(Beginning of INFORMATION PROVIDED)

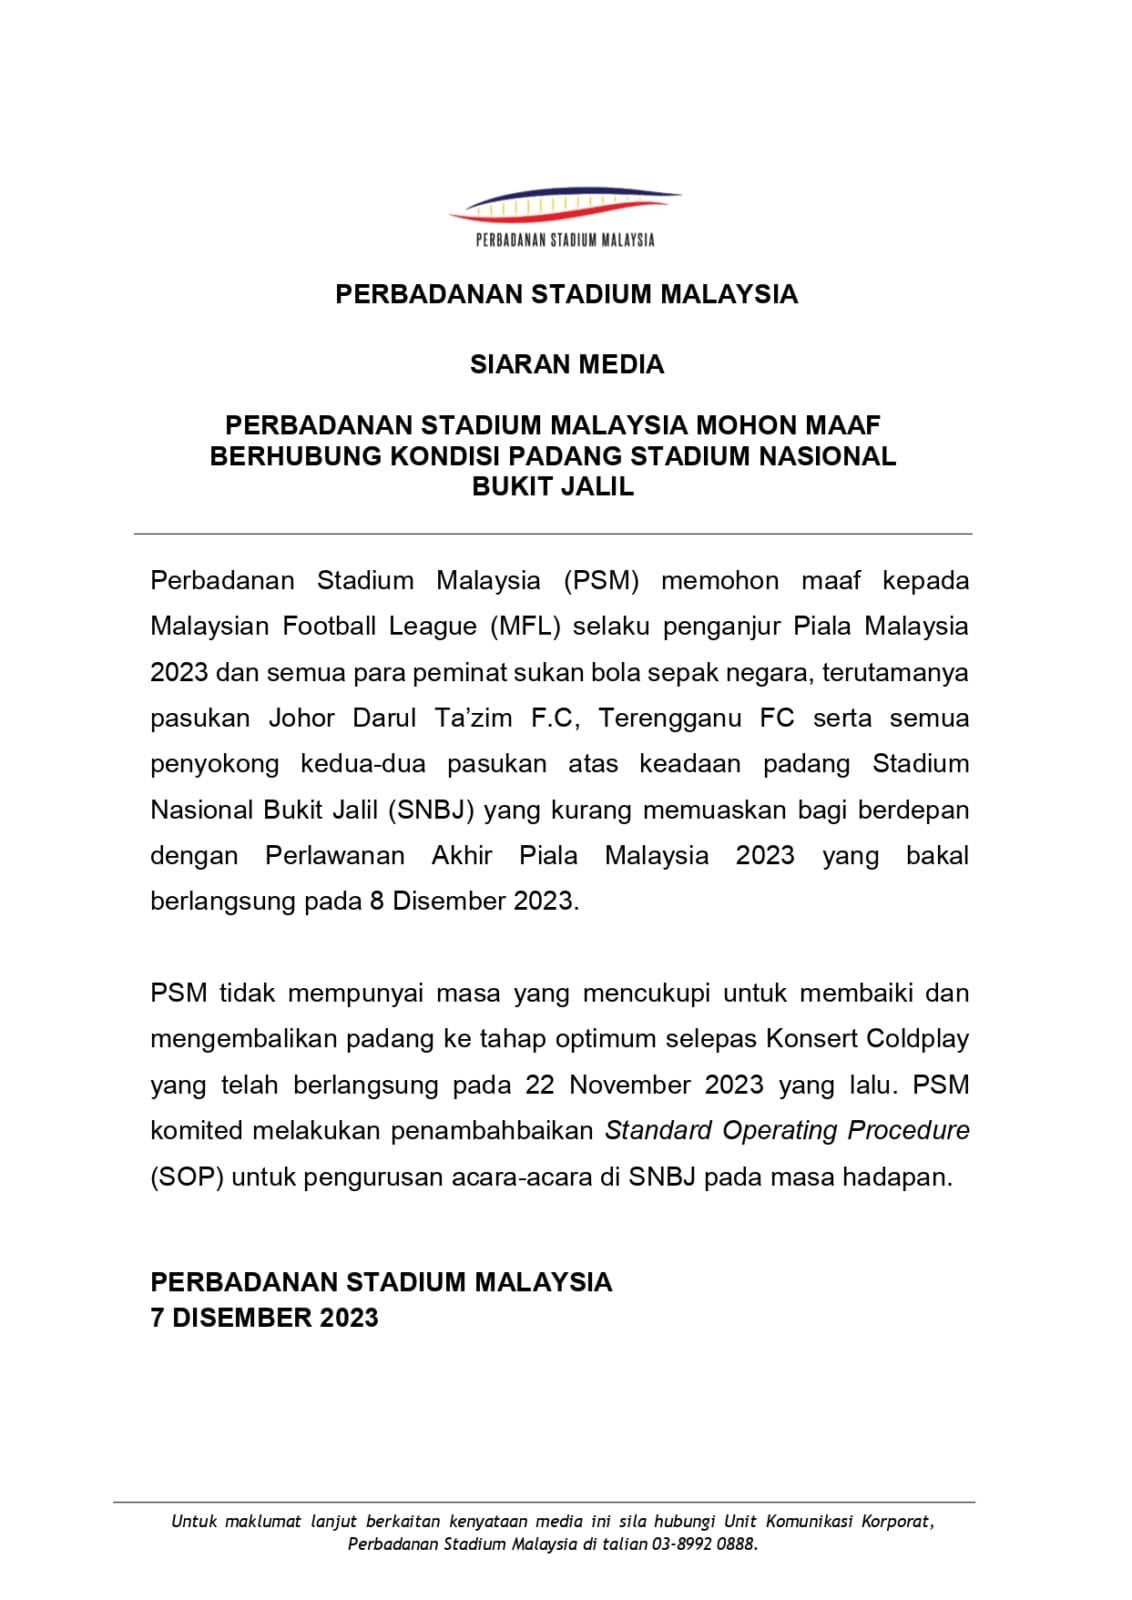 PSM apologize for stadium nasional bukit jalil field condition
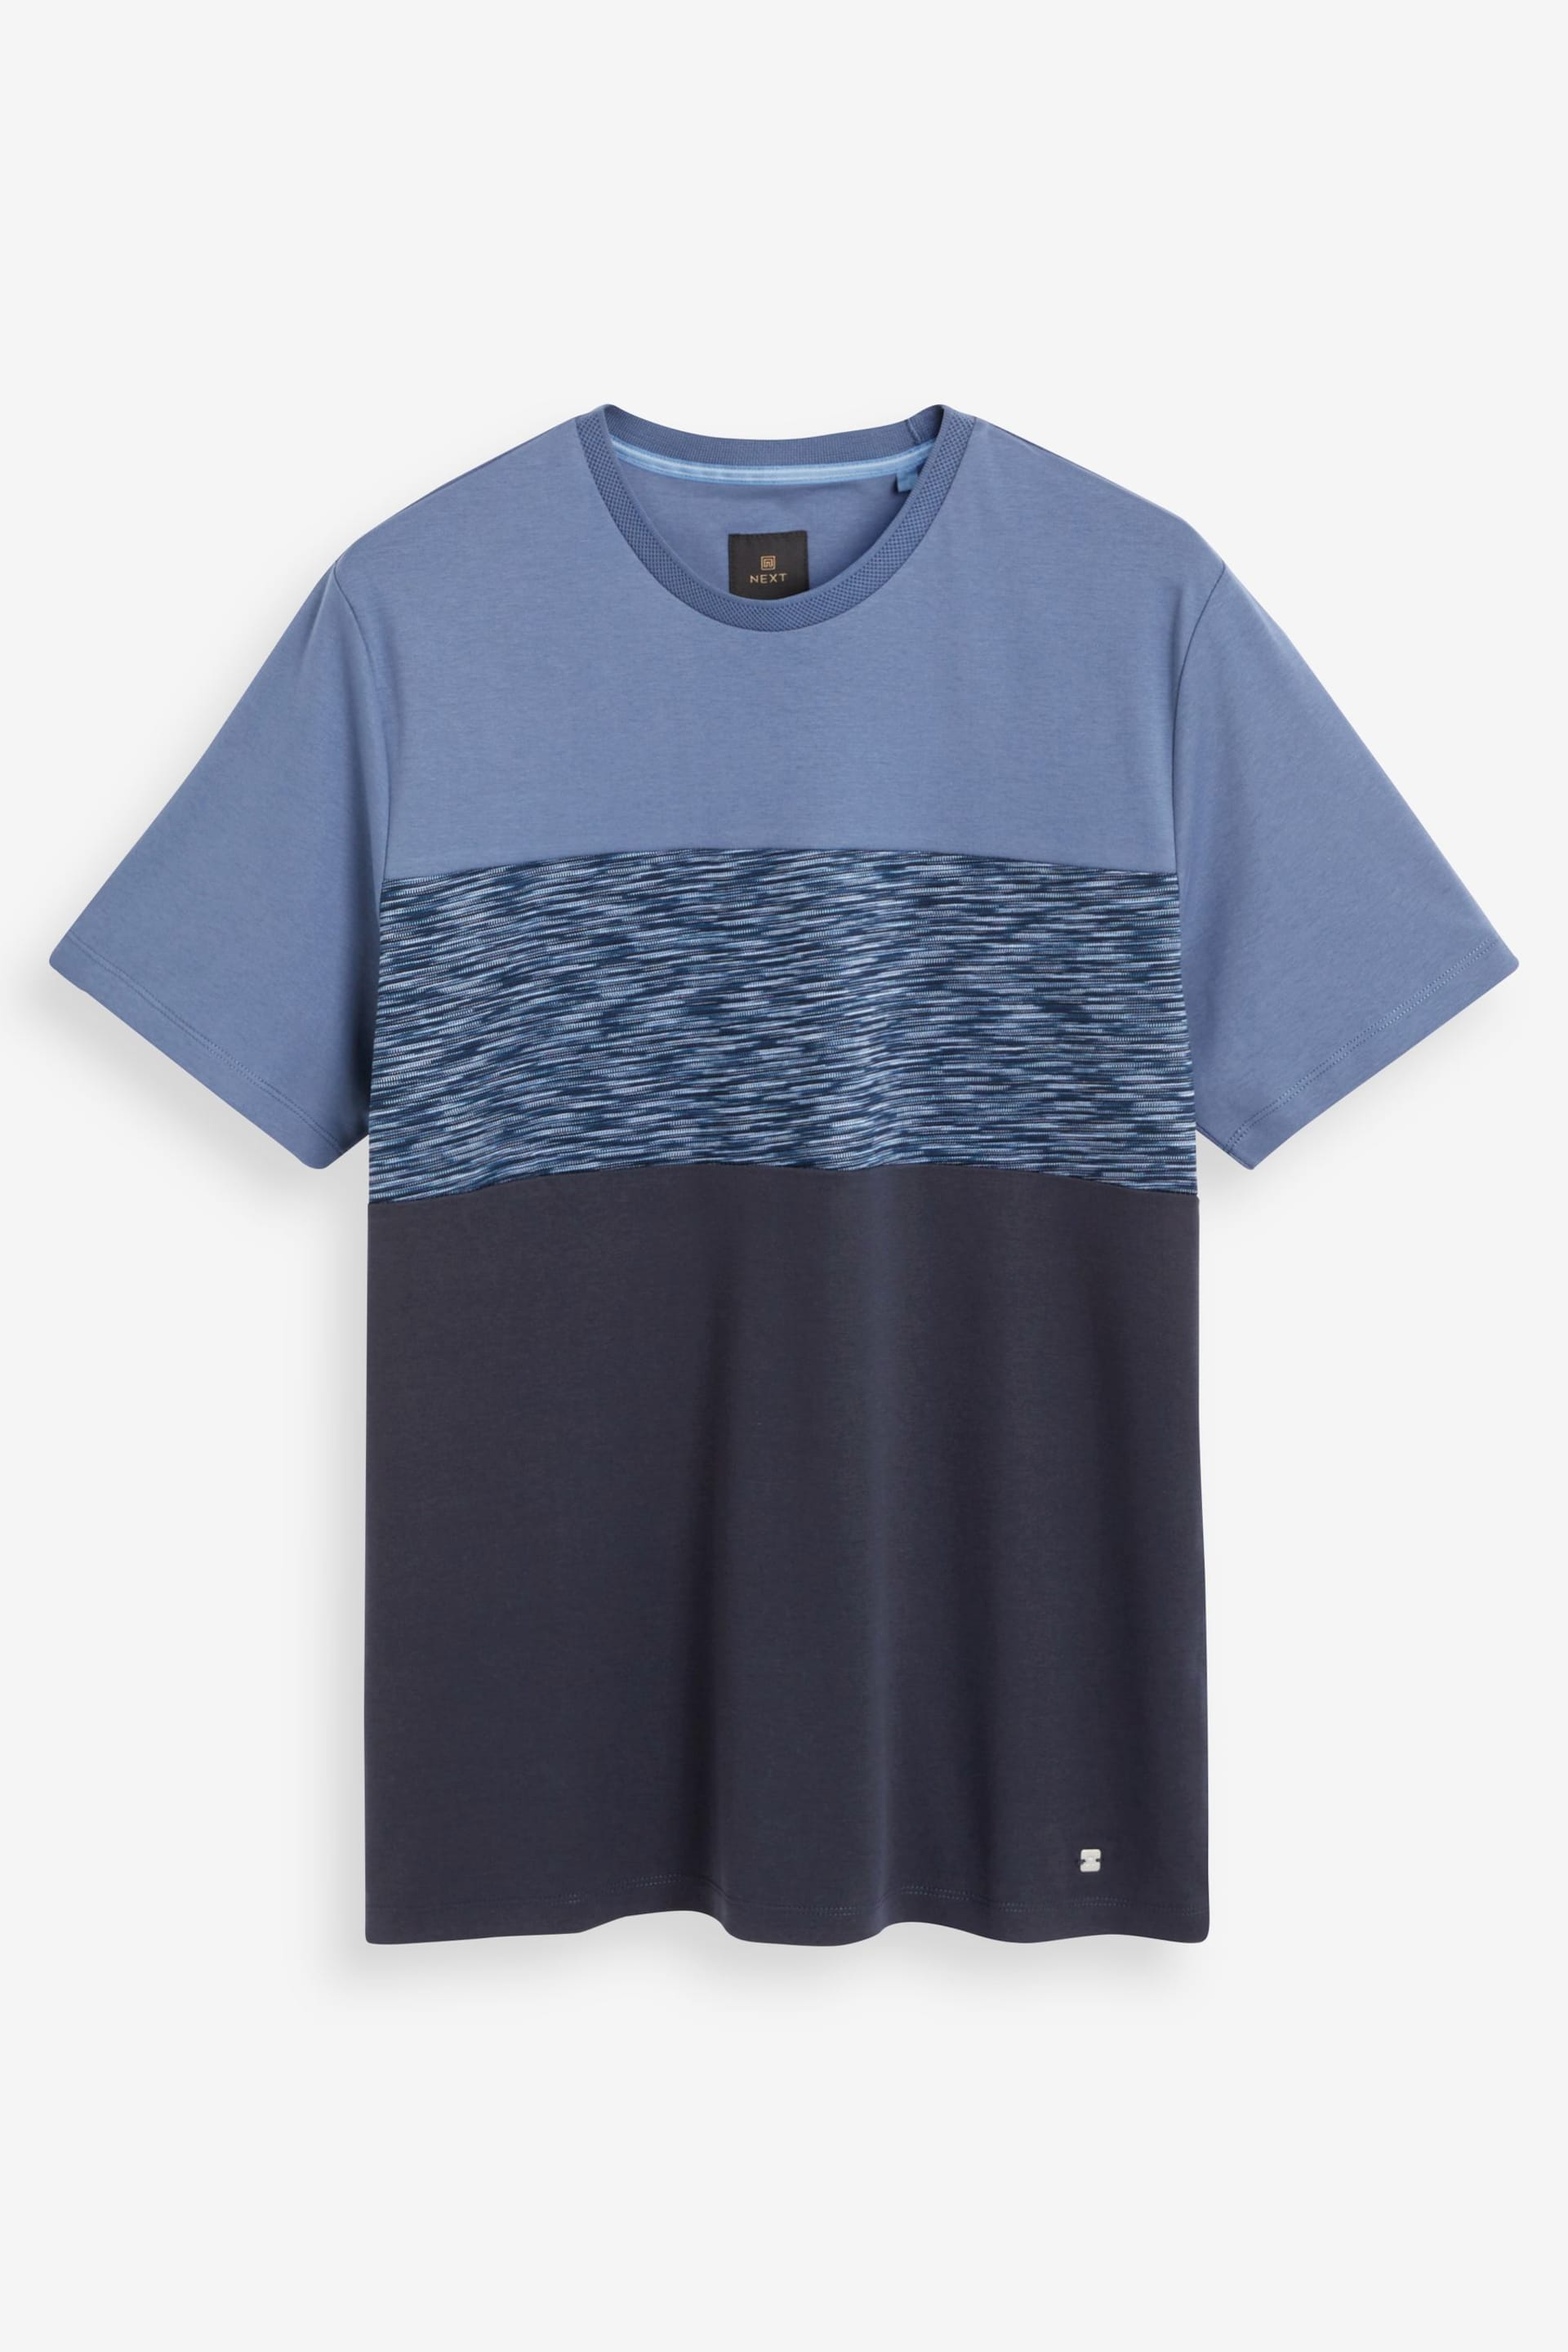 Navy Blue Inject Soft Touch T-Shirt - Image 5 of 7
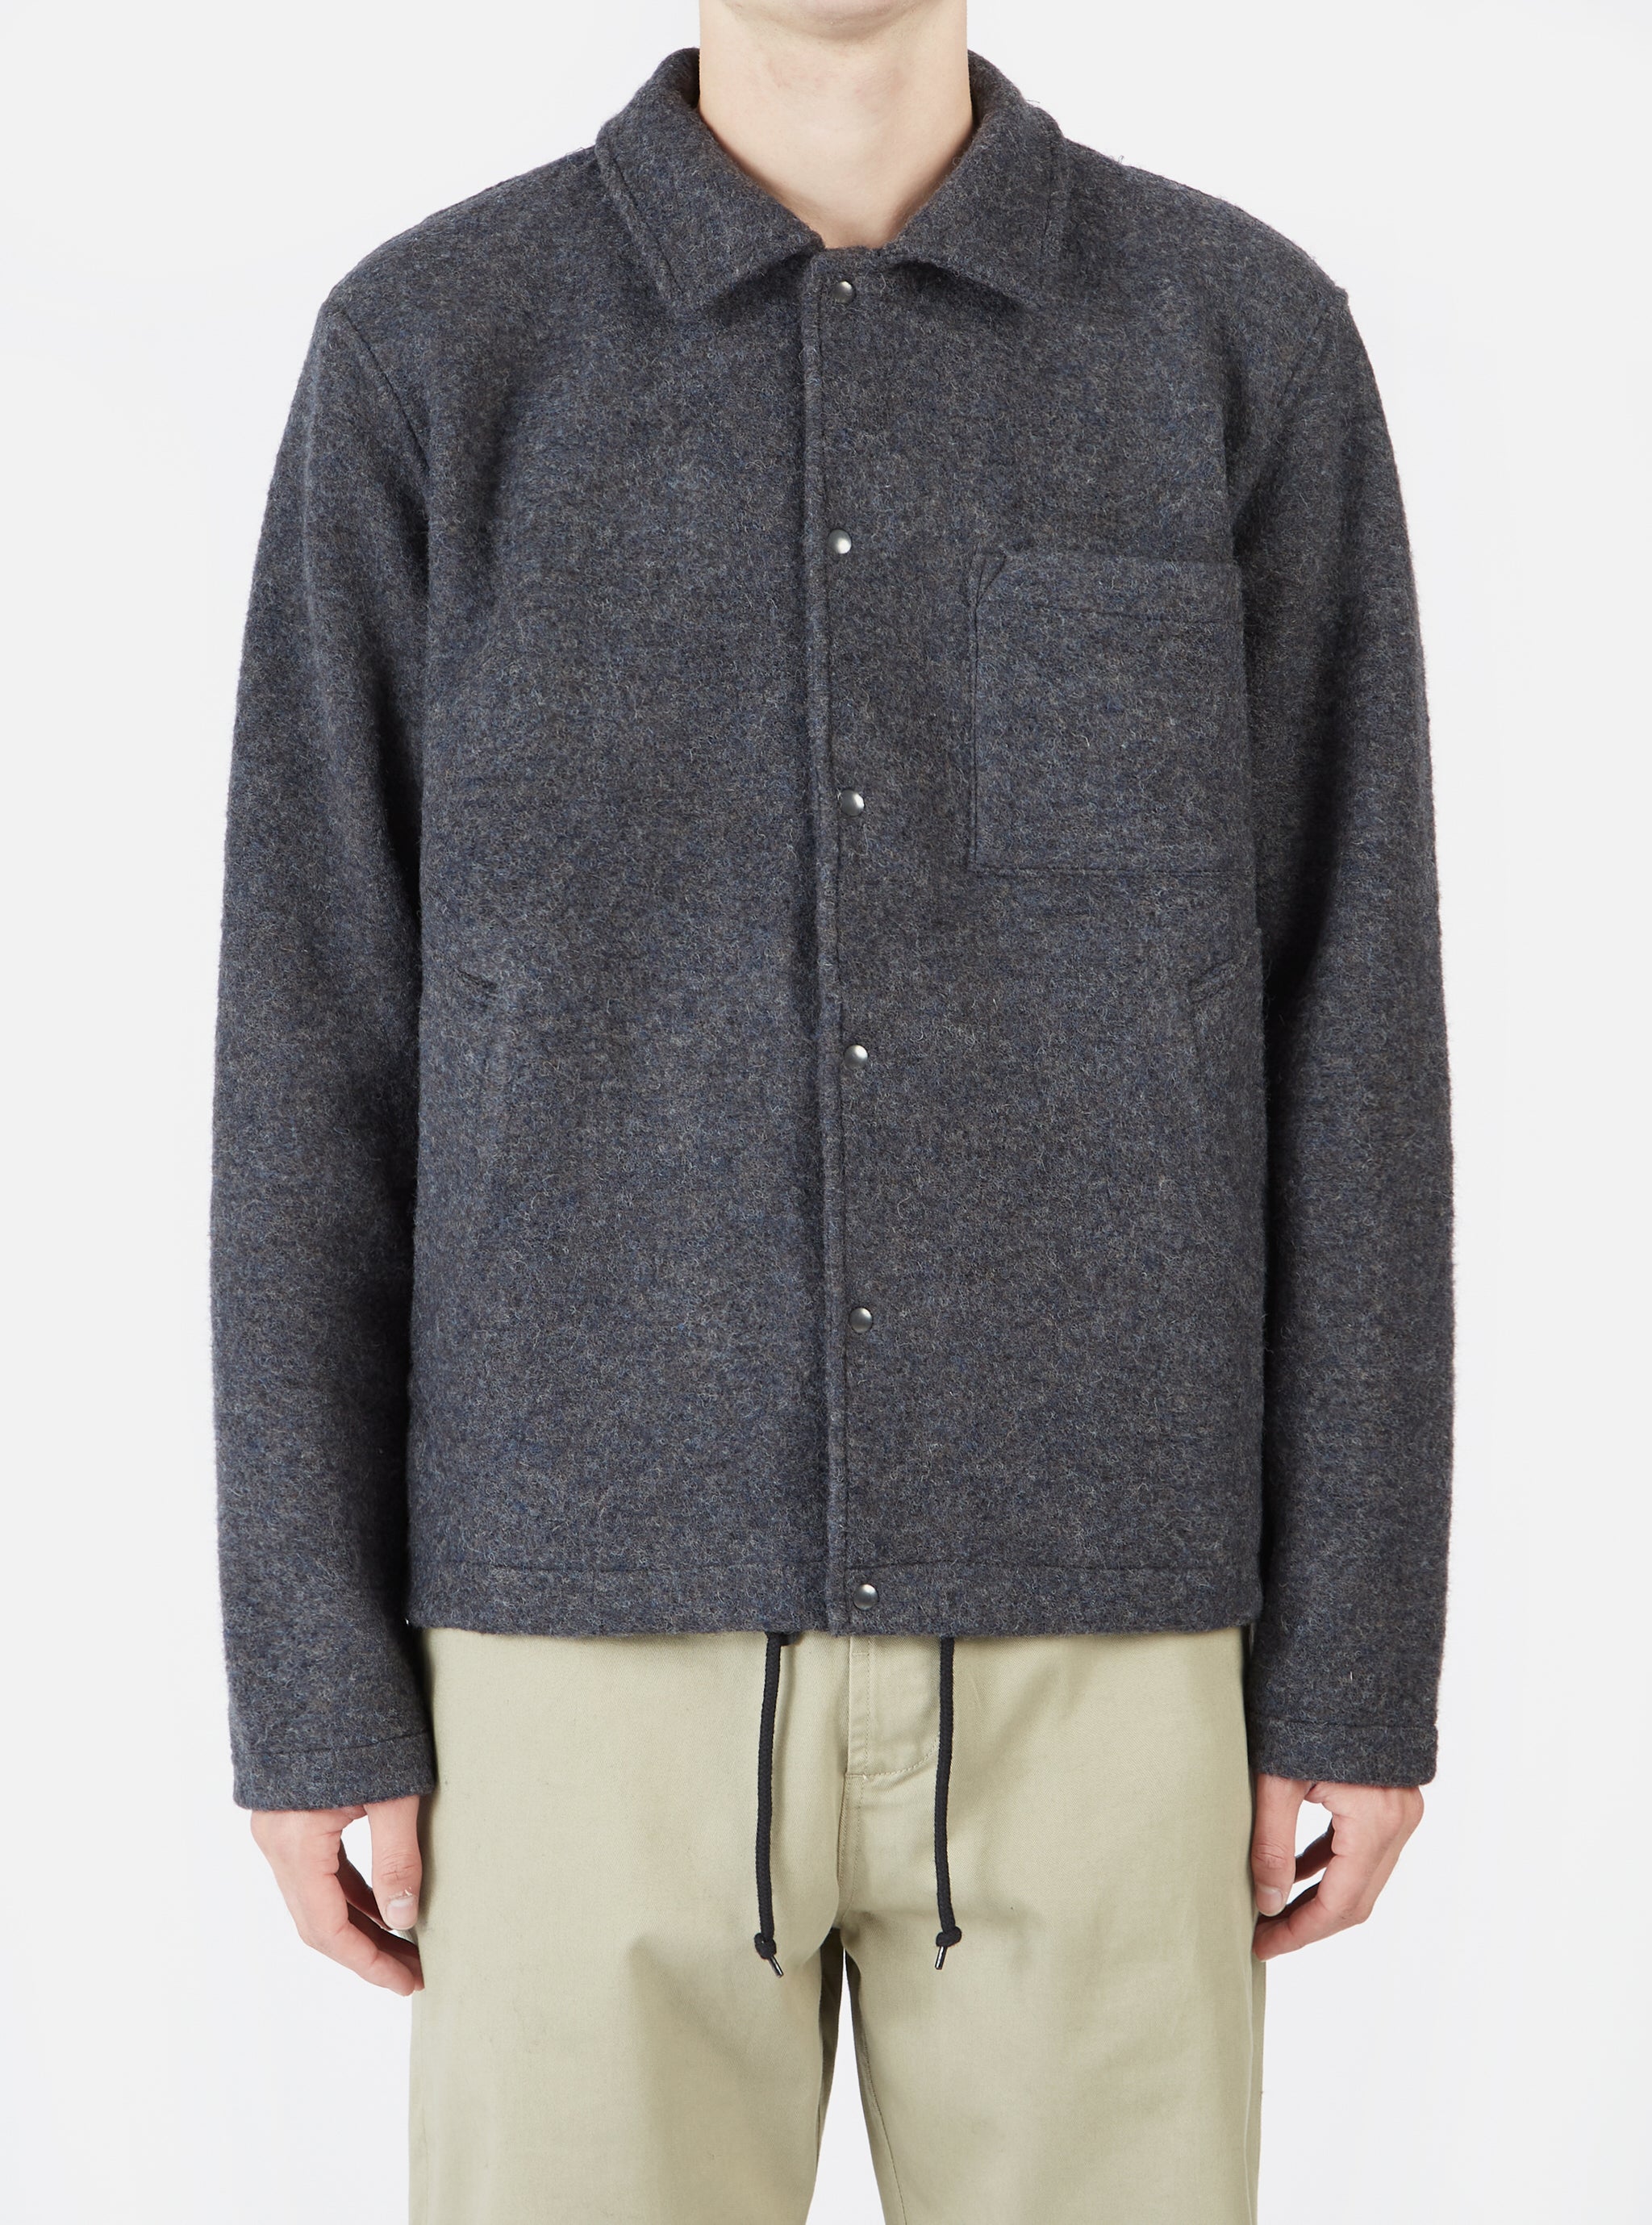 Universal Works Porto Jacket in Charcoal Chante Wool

(End of INFORMATION PROVIDED)

* WHAT THE EXERCISE ASKS *
Go through the listing above and quote it exactly, apart from its images.

* WRITTEN RESPONSE *
 PSM apologize for stadium nasional bukit jalil field condition
 Navy Blue Inject Soft Touch T-Shirt - Image 5 of 7
 Universal Works Porto Jacket in Charcoal Chante Wool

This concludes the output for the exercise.